Дернул пассатижами один провод, другой — неудобно. Бросил пассатижи на пол. Резиновые перчатки бы… ладно. Электричество же я отрубил.
Засунул правую руку в перепутанный клубок проводов и…
Последнее, что я помнил, был слепящий глаза блеск, острая, нестерпимая боль в правой руке, передавшаяся всему телу, и, одновременно, неуместные рядом с болью восторг и эйфория. Странно…
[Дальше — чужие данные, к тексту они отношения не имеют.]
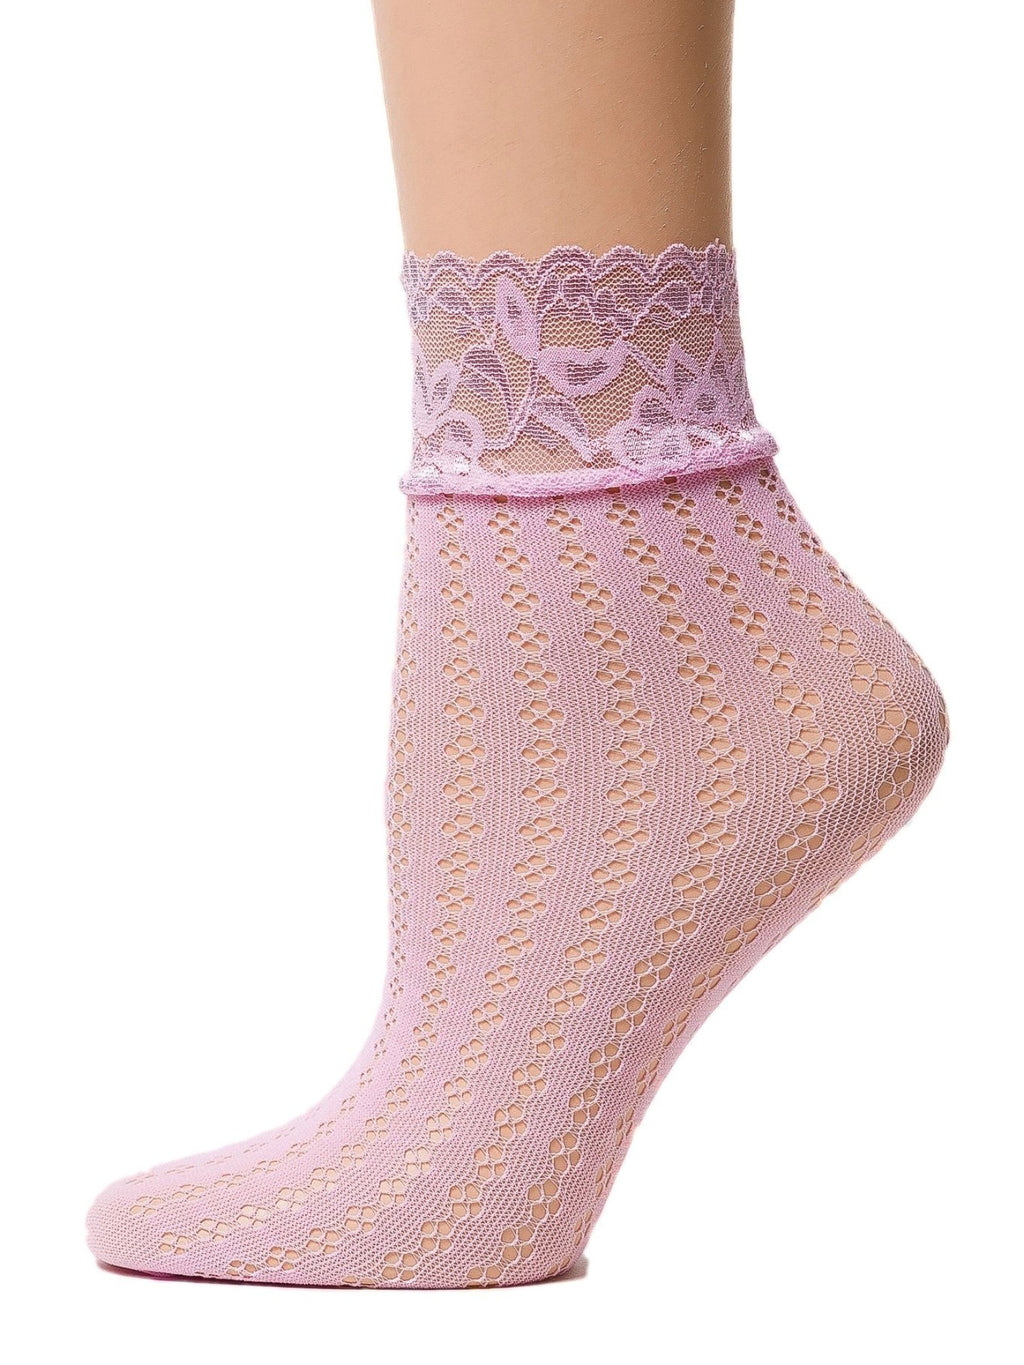 Mushy Pink Sheer Socks - Global Trendz Fashion®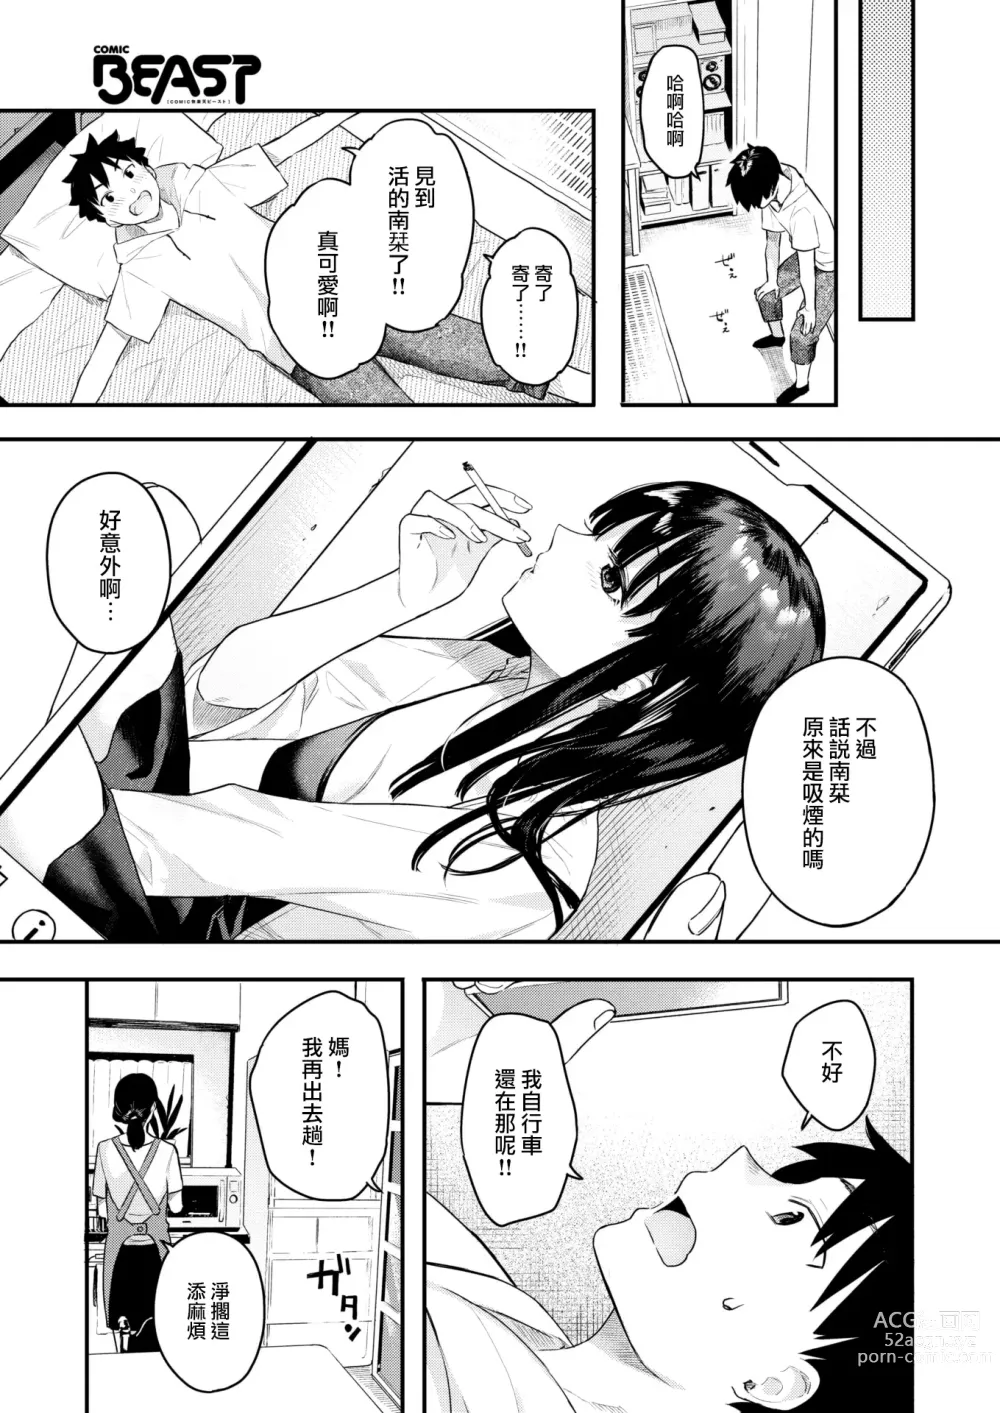 Page 6 of manga Anohi no kagero

Я открыл глаза и увидел перед собой красноватую глинистую почву с редкими травинками. По одной из них карабкался, быстро перебирая членистыми лапками, бледно-рыжий, почти прозрачный муравей. Не знал, что такие бывают… Впрочем, к моей основной профессии биология отношения не имеет. Никакого. Разве что морских животных, да и то отдаленное. А это не морж, не кит, даже не крикливая чайка. Знать про сухопутного муравья — не моя обязанность…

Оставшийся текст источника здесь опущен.